Excerpted data:
====

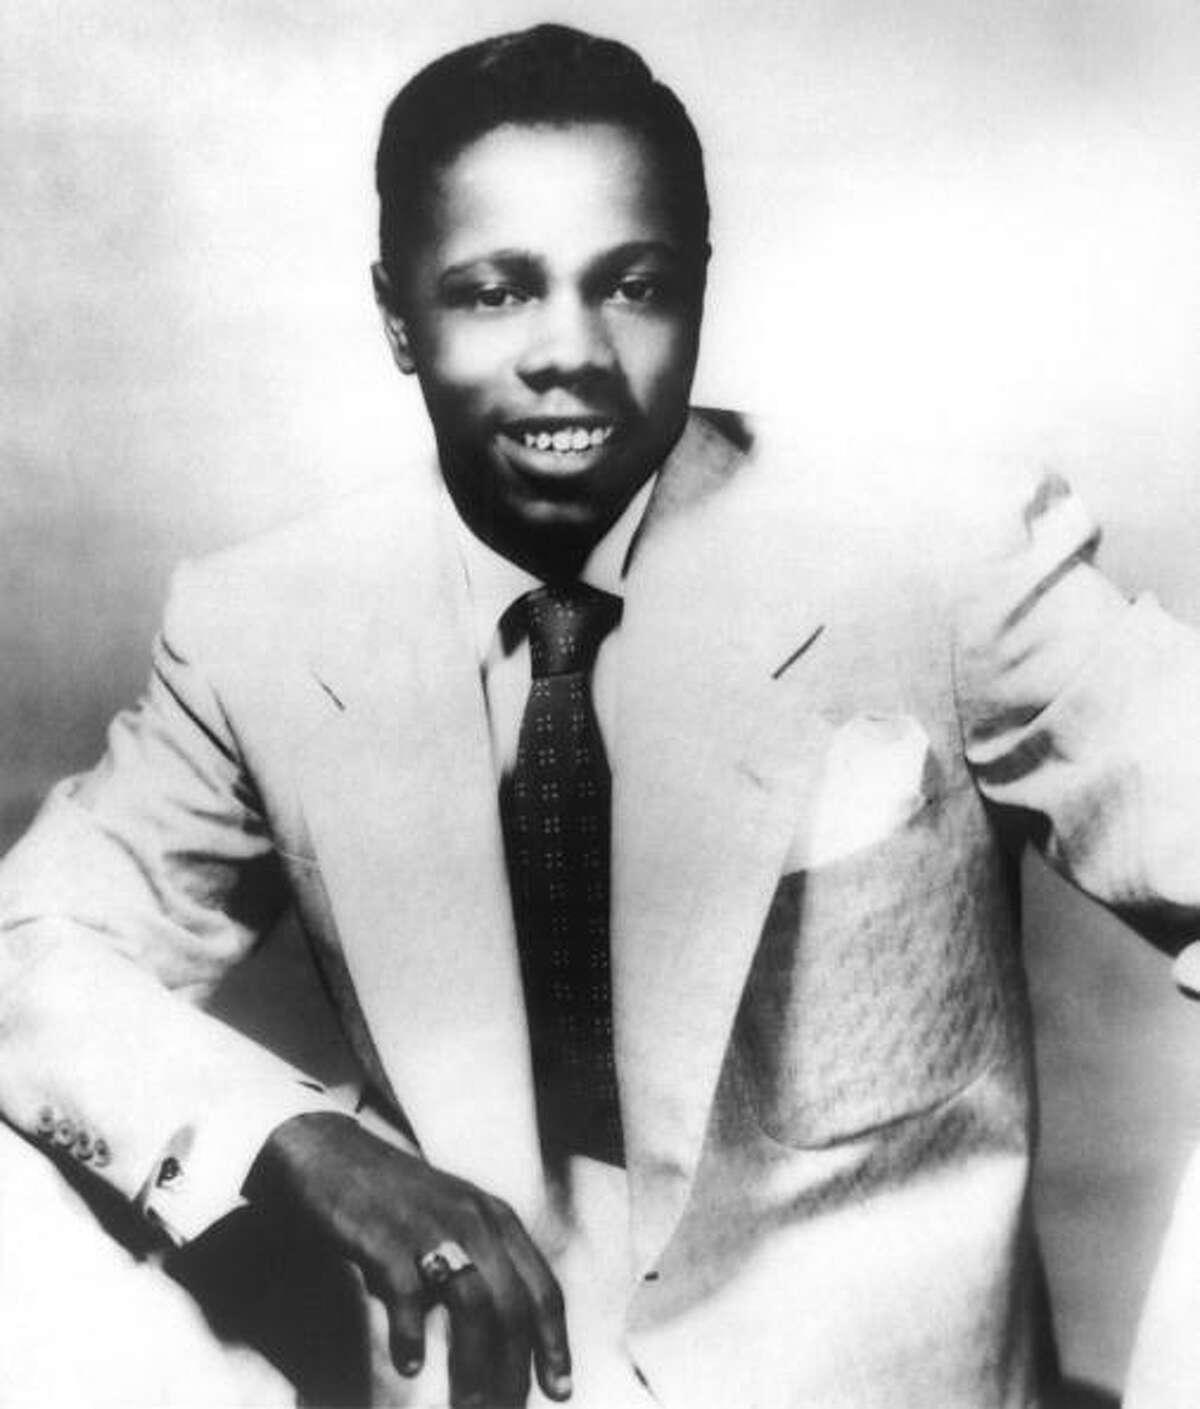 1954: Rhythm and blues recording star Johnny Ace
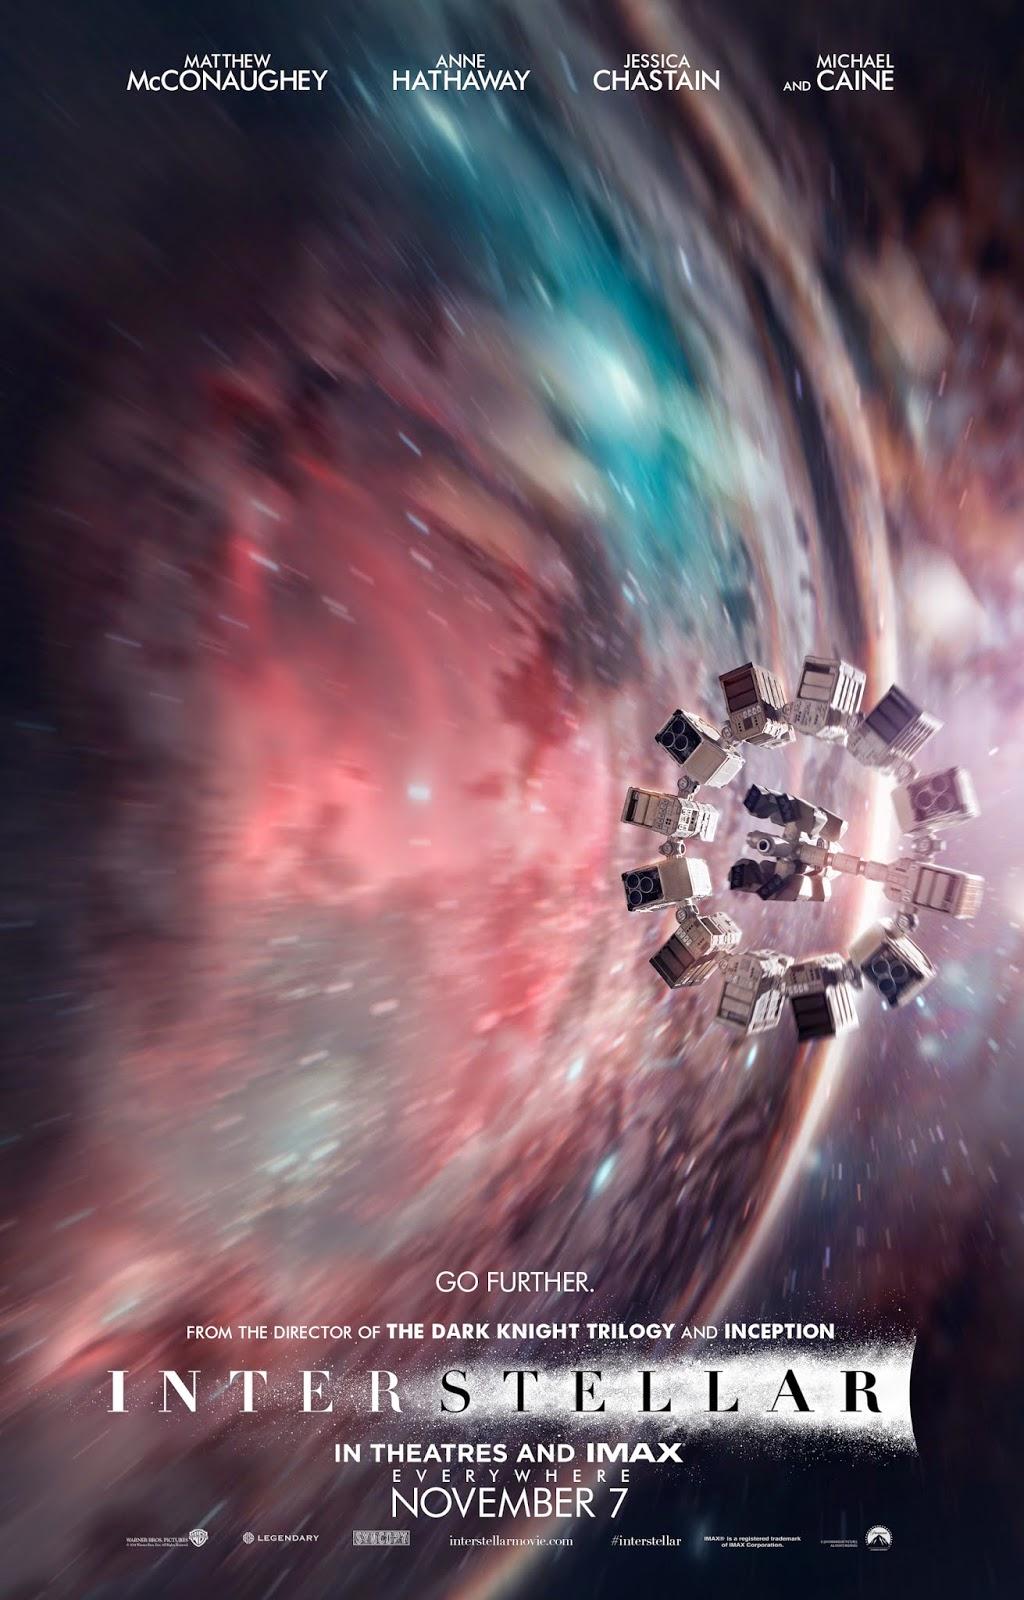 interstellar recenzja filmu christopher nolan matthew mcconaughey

====

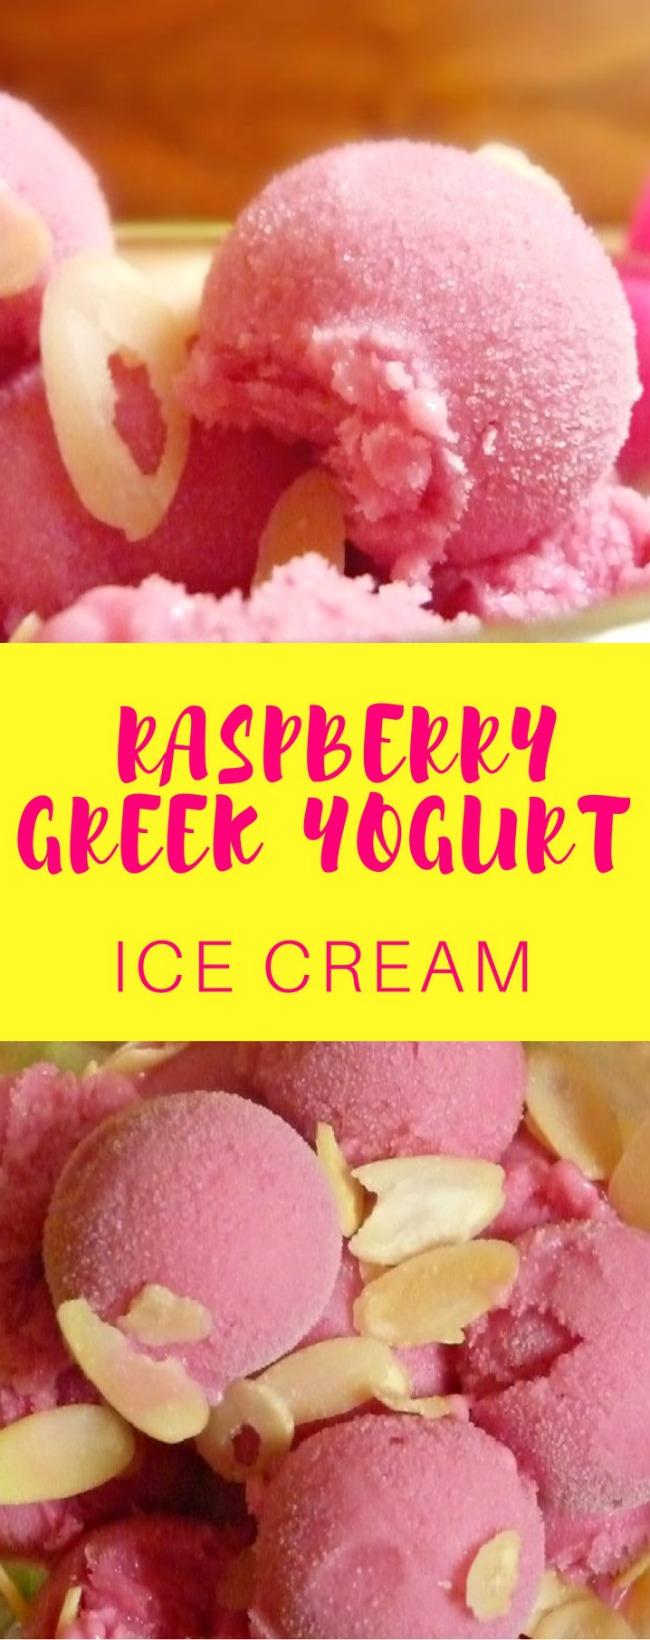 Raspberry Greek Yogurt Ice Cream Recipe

====

Directions: Restate word for word every line from the one with "1954: Rhythm and" up to and including the one with "interstellar recenzja filmu" in the records above, minus the pictures.

Task result:
 1954: Rhythm and blues recording star Johnny Ace
 interstellar recenzja filmu christopher nolan matthew mcconaughey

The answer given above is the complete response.